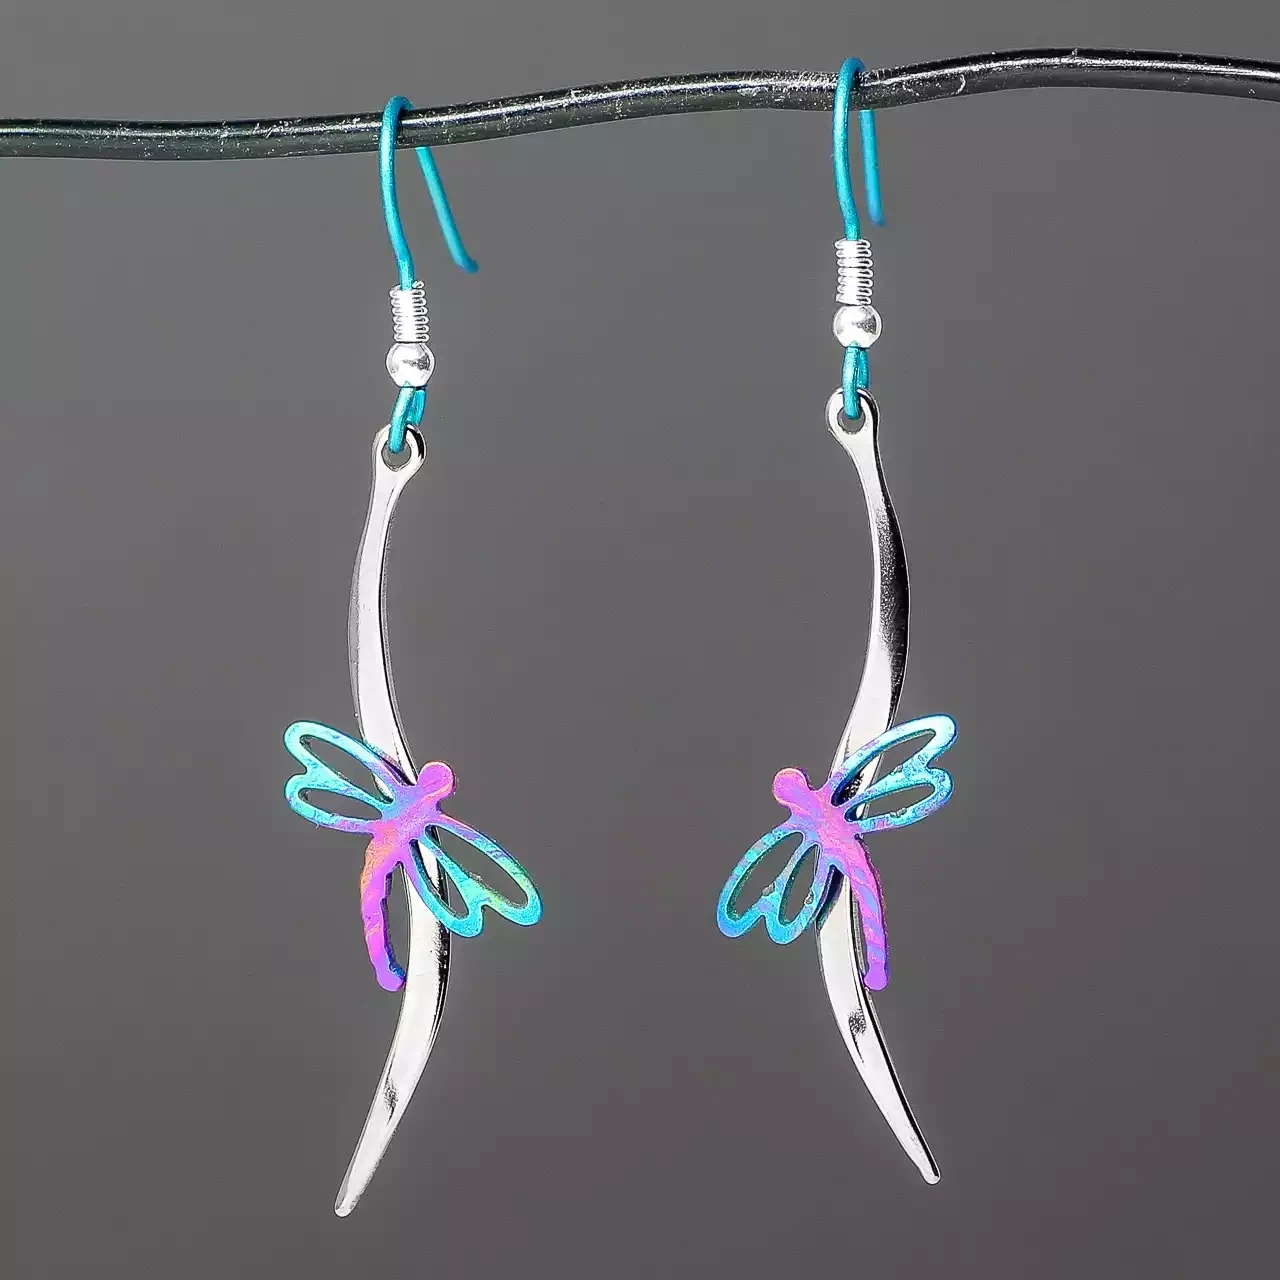 Titanium Dragonfly Drop Earrings - Small With Stem by Prism Design
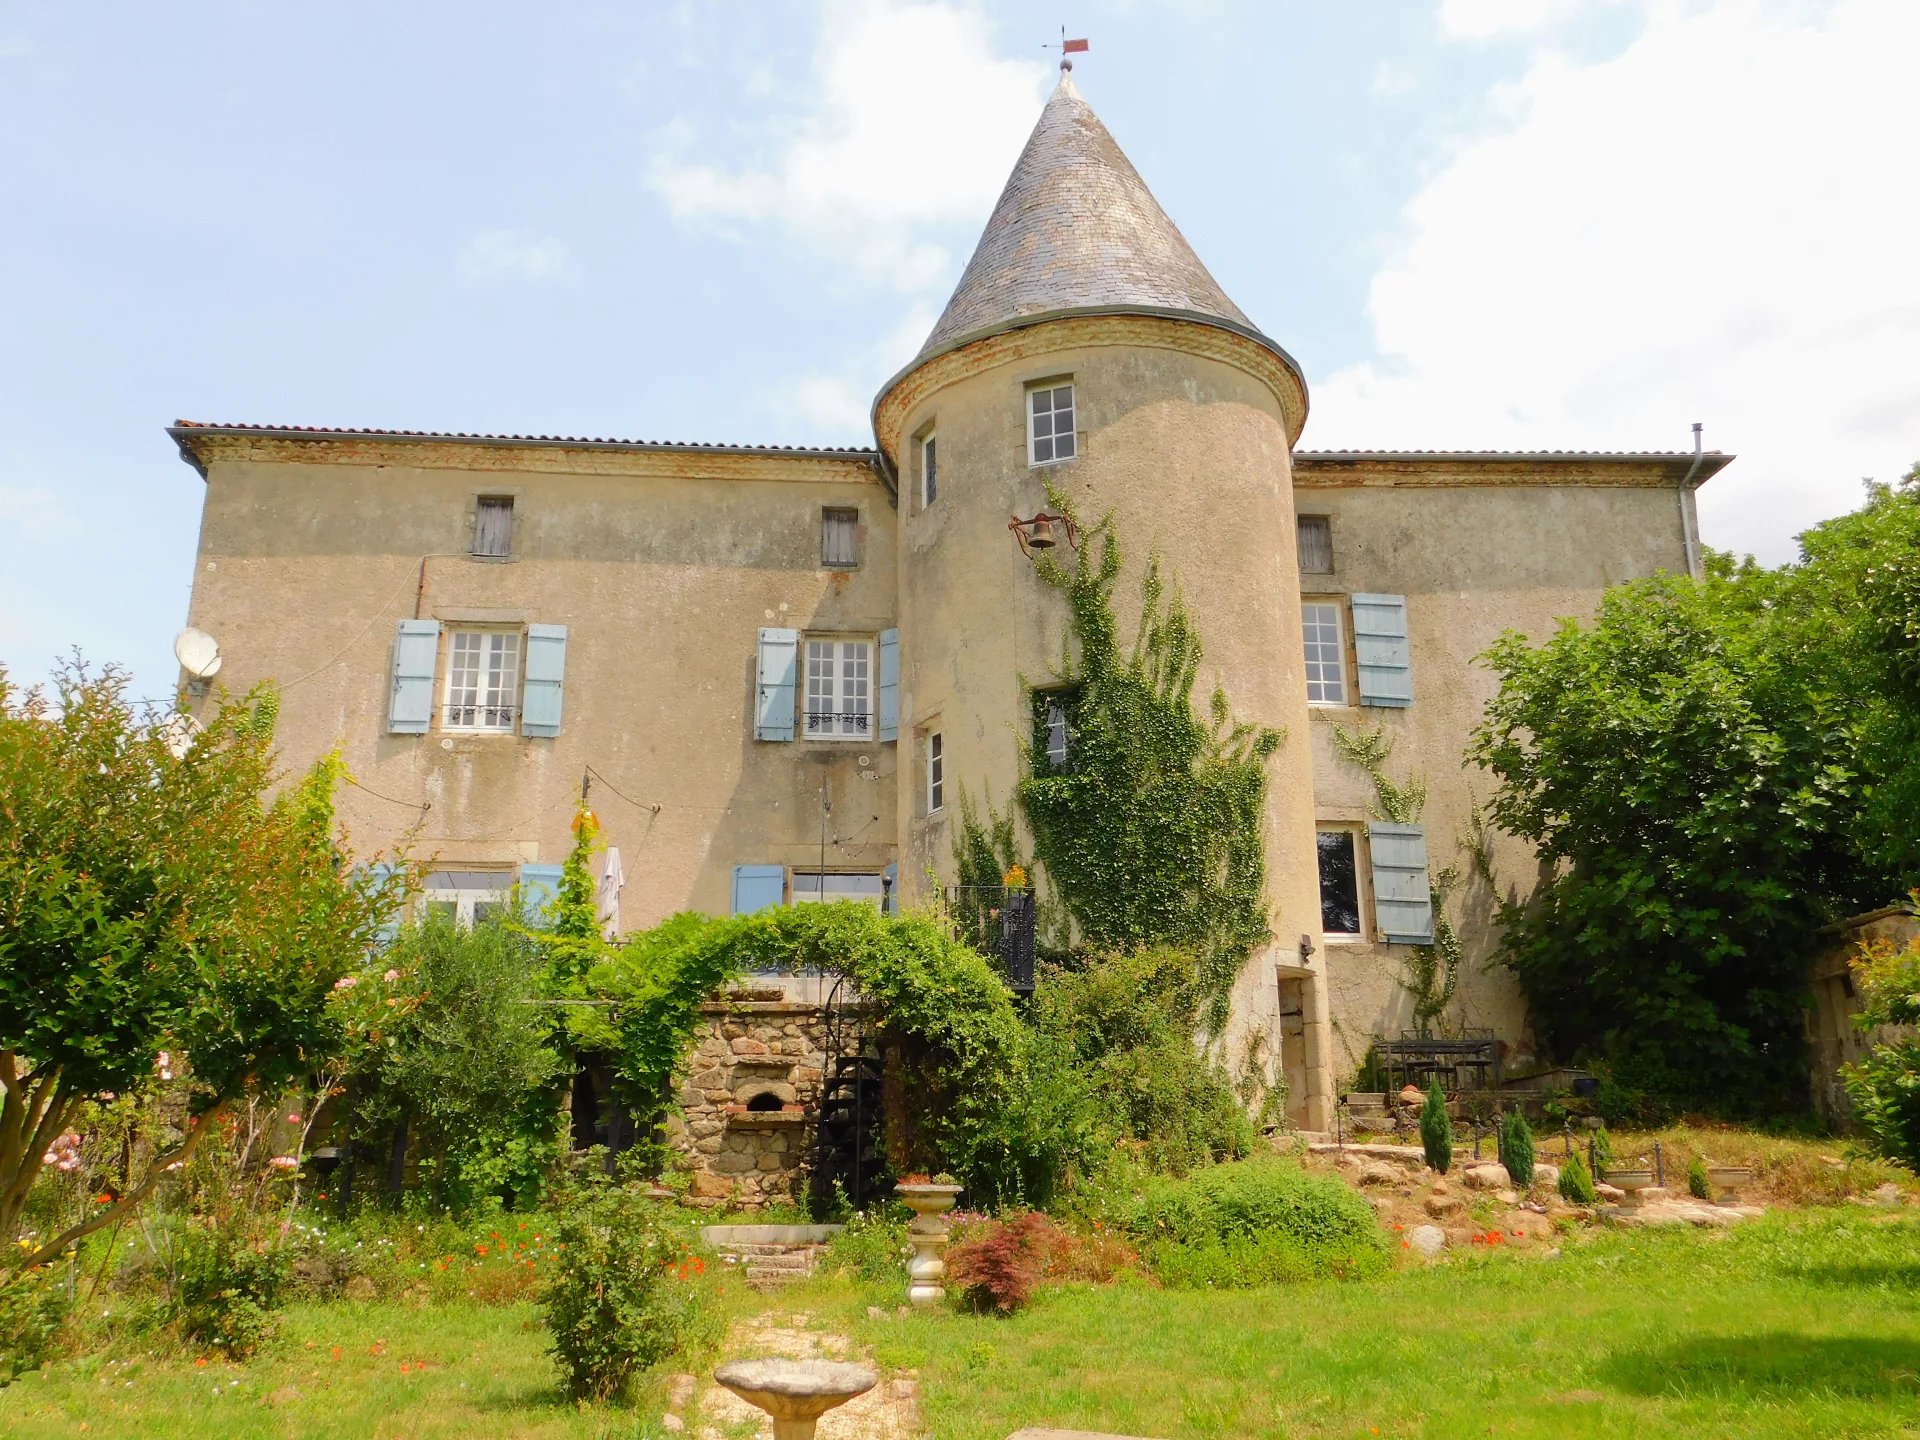 Chateau dating from 13th century with beautiful countryside view
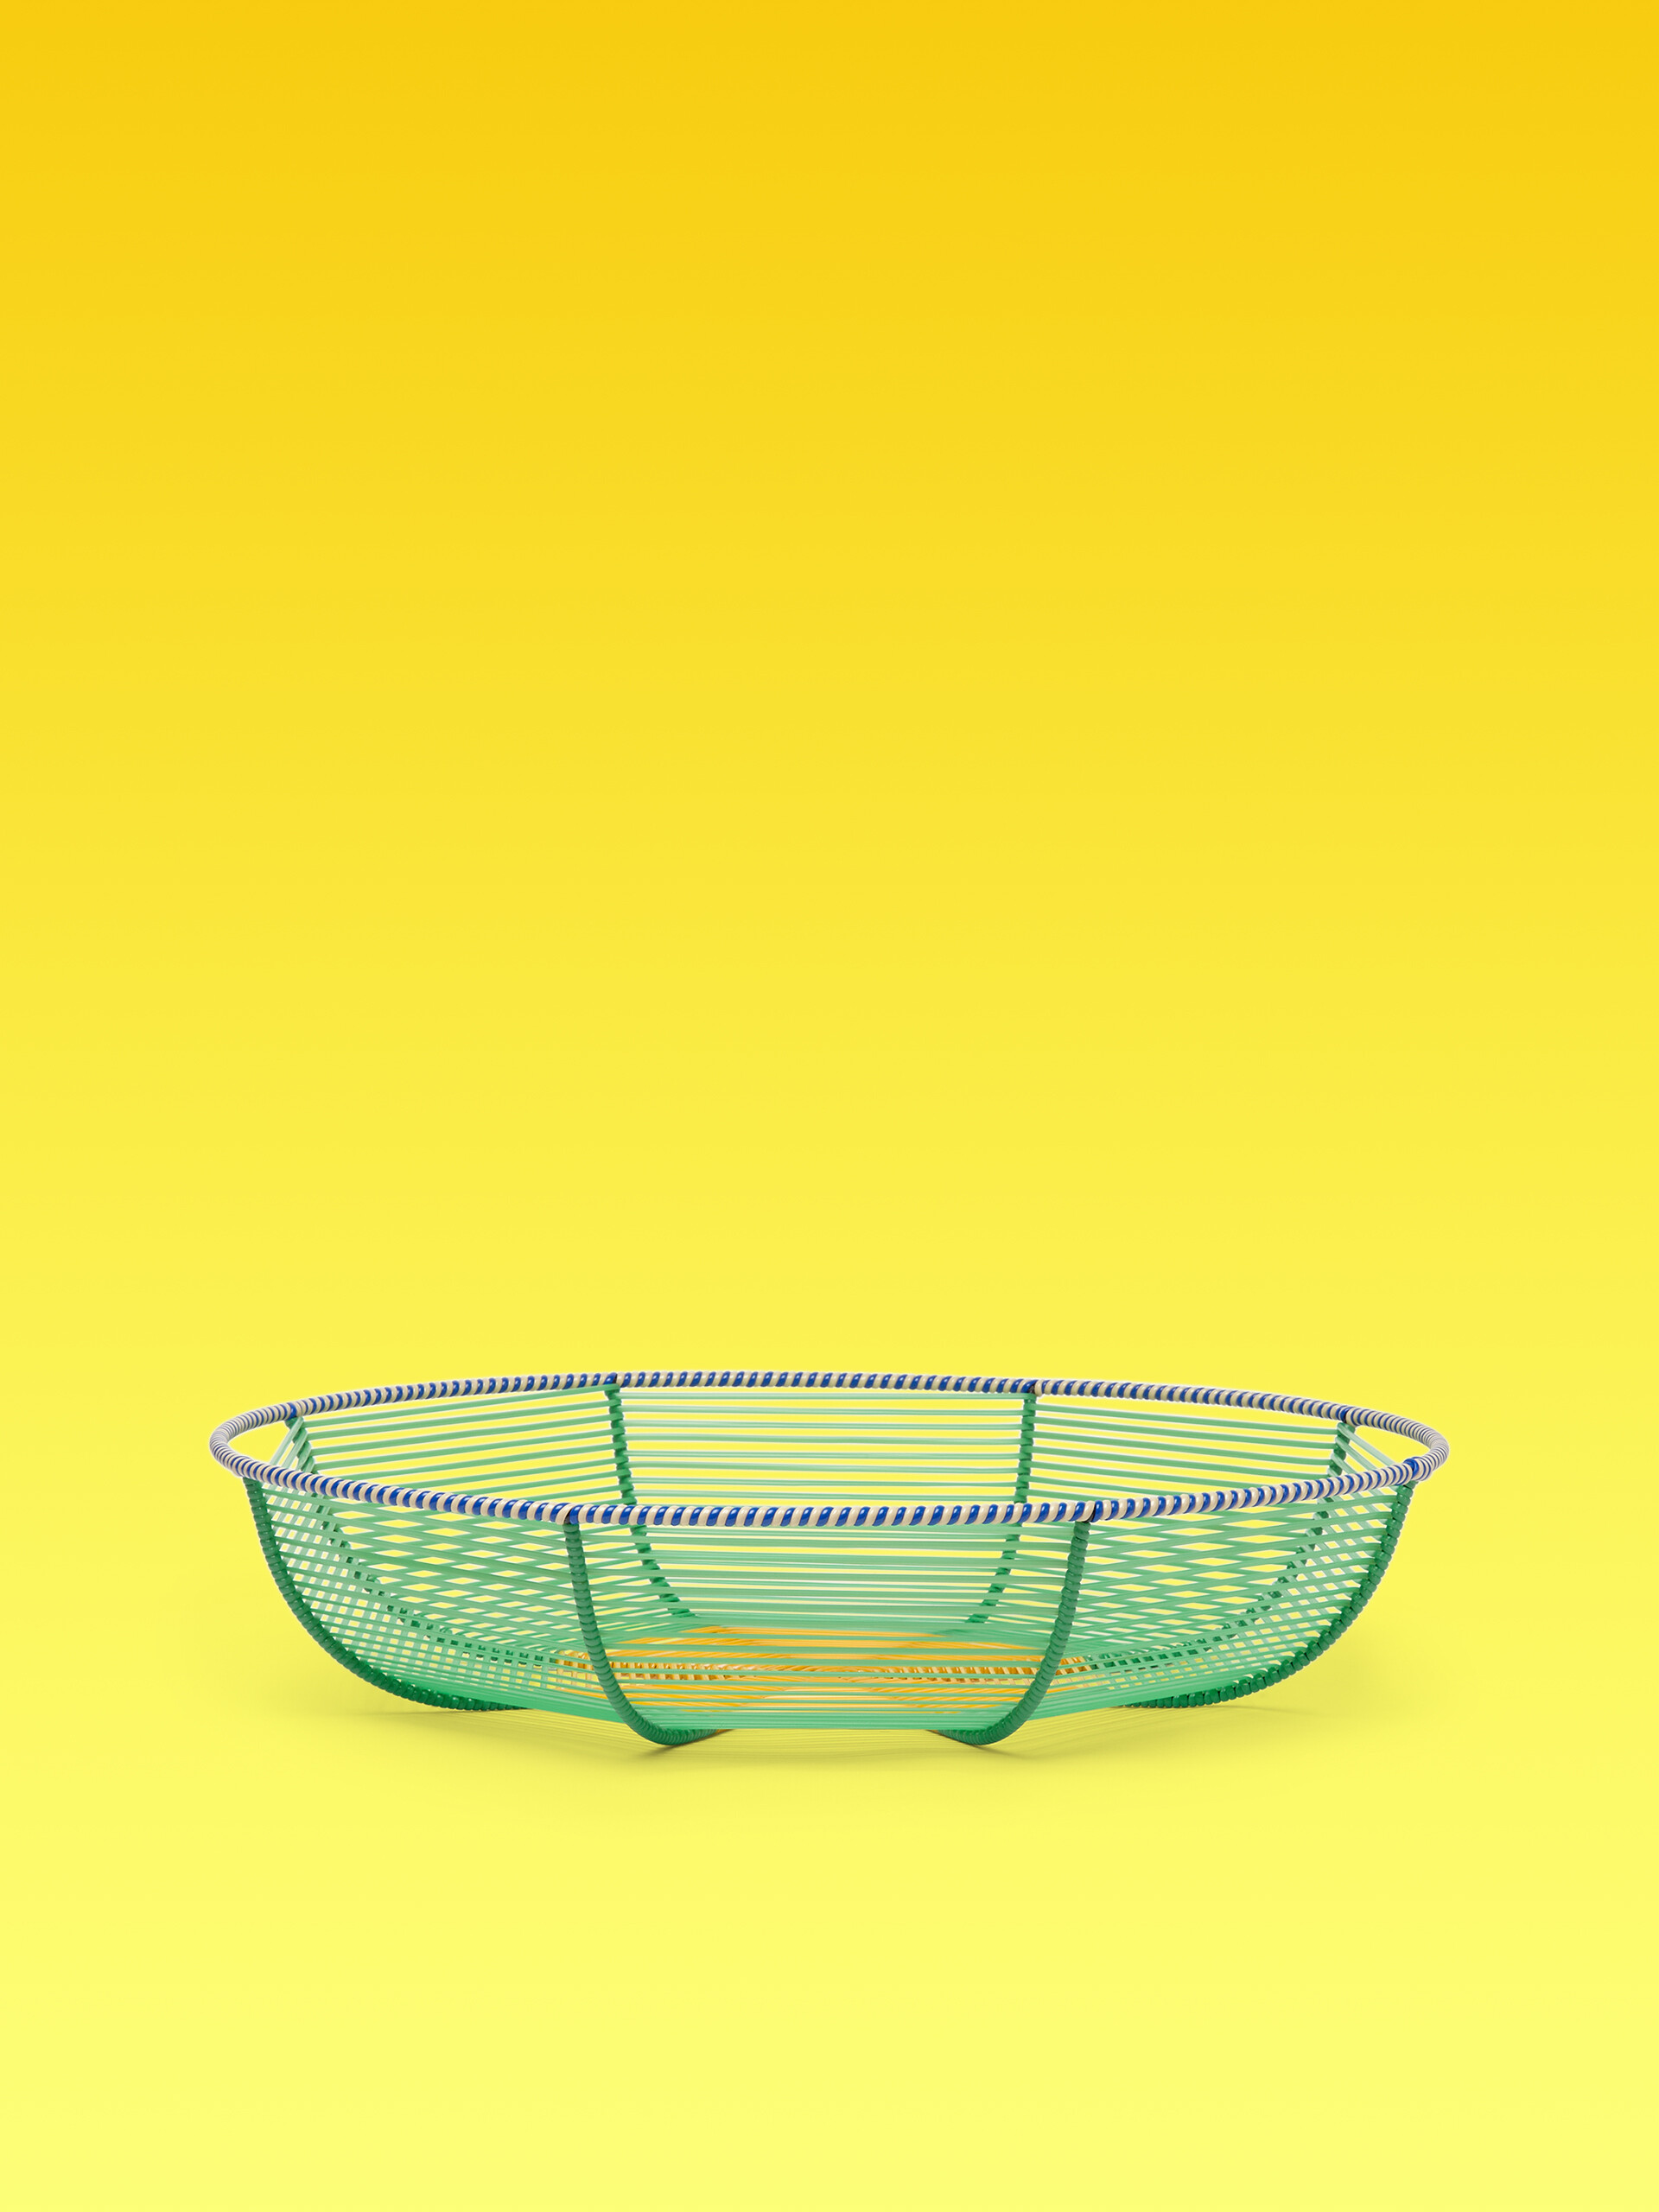 MARNI MARKET iron circular large fruit holder with green PVC - Home Accessories - Image 1

## What to produce
Reproduce the lines of the data that run from the one containing "Chateau dating from" to the final line, both included, exactly as they appear and without the pictures.

## Answer box
 Chateau dating from 13th century with beautiful countryside view
 MARNI MARKET iron circular large fruit holder with green PVC - Home Accessories - Image 1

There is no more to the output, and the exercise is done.